LLMs on the other hand, are very good at producing clickbait articles with low information content.

source
- nova_ad_vitum@lemmy.ca ⁨4⁩ ⁨months⁩ ago
  Gotham chess has a video of making chatgpt play chess against stockfish. Spoiler: chatgpt does not do well. It plays okay for a few moves but then the moment it gets in trouble it straight up cheats. Telling it to follow the rules of chess doesn’t help.
  
  This sort of gets to the heart of LLM-based “AI”. That one example to me really shows that there’s no actual reasoning happening inside. It’s producing answers that statistically look like answers that might be given based on that input.
  
  For some things it even works. But calling this intelligence is dubious at best.
  
  source
  - Ultraviolet@lemmy.world ⁨4⁩ ⁨months⁩ ago
    Because it doesn’t have any understanding of the rules of chess or even an internal model of the game state? it just has the text of chess games in its training data and can reproduce the notation, but nothing to prevent it from making illegal or nonsensical moves.
    
    source
  - Noodle07@lemmy.world ⁨4⁩ ⁨months⁩ ago
    Hallucinating 100% of the time 👌
    
    source
  - JacksonLamb@lemmy.world ⁨4⁩ ⁨months⁩ ago
    ChatGPT versus Deepseek is hilarious.
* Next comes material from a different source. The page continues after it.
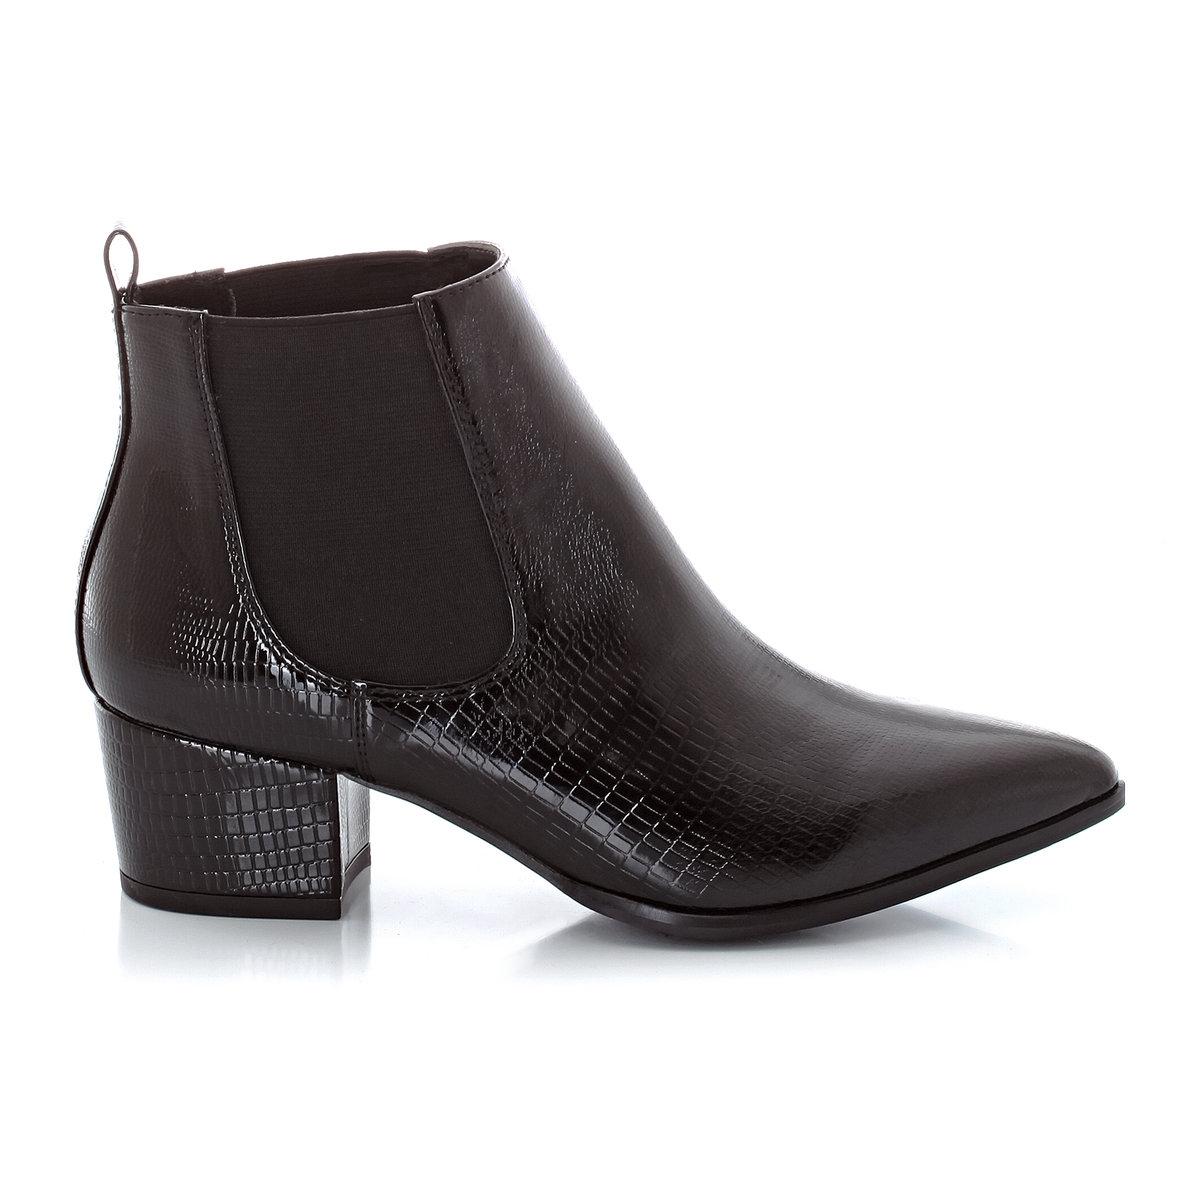 БотильоныВерх : синтетикаПодкладка : синтетикаСтелька : кожаПодошва : эластомерВысота каблука : 5 см Совет : Заказывайте на размер больше вашего обычного размера.<br><br>Цвет: черный<br>Размер: 38

They both cheat like crazy and then one side jedi mind tricks the winner into losing.
    
    source
    -> View More Comments
- LovableSidekick@lemmy.world ⁨4⁩ ⁨months⁩ ago
  In this case it’s not even bad prompts, it’s a problem domain ChatGPT was never built to be good at. Like saying modern medicine is clearly bullshit because a doctor sucked at basketball.
  
  source
Halosheep@lemm.ee ⁨4⁩ ⁨months⁩ ago
I swear every single article critical of current LLMs is like, “The square got BLASTED by the triangle shape when it completely FAILED to go through the triangle shaped hole.”

source
- drspod@lemmy.ml ⁨4⁩ ⁨months⁩ ago
  It’s newsworthy when the sellers of squares are saying that nobody will ever need a triangle again, and the shape-sector of the stock market is hysterically pumping money into companies that make or use squares.
  
  source
- ipkpjersi@lemmy.ml ⁨4⁩ ⁨months⁩ ago
  That’s just clickbait in general these days lol
  
  source
- lambalicious@lemmy.sdf.org ⁨4⁩ ⁨months⁩ ago
  Well, the first and obvious thing to do to show that AI is bad is to show that AI is bad. If it provides that much of a low-hanging fruit for the demonstration… that just further emphasizes the point.
  
  source
floofloof@lemmy.ca ⁨4⁩ ⁨months⁩ ago
ChatGPT the word prediction machine? Why would anyone expect it to be good at chess?

source
MonkderVierte@lemmy.zip ⁨4⁩ ⁨months⁩ ago
LLM are not built for logic.

source
anubis119@lemmy.world ⁨4⁩ ⁨months⁩ ago
A strange game. How about a nice game of Global Thermonuclear War?

source
Lembot_0003@lemmy.zip ⁨4⁩ ⁨months⁩ ago
The Atari chess program can play chess better than the Boeing 747 too. And better than the North Pole. Amazing!

source
Furbag@lemmy.world ⁨4⁩ ⁨months⁩ ago
Can ChatGPT actually play chess now? Last I checked, it couldn’t remember more than 5 moves of history so it wouldn’t be able to see the true board state and would make illegal moves, take it’s own pieces, materialize pieces out of thin air, etc.

source
cley_faye@lemmy.world ⁨4⁩ ⁨months⁩ ago
Ah, you used logic. That’s the issue. They don’t do that.

source
arc99@lemmy.world ⁨4⁩ ⁨months⁩ ago
Hardly surprising. Llms aren’t -thinking- they’re just shitting out the next token for any given input of tokens.

source
capuccino@lemmy.world ⁨4⁩ ⁨months⁩ ago
This made my day

source
vane@lemmy.world ⁨4⁩ ⁨months⁩ ago
It’s not that hard to beat dumb 6 year old who’s only purpose is mine your privacy to sell you ads or product place some shit for you in future.

source
finitebanjo@lemmy.world ⁨4⁩ ⁨months⁩ ago
All these comments asking “why don’t they just have chatgpt go and look up the correct answer”.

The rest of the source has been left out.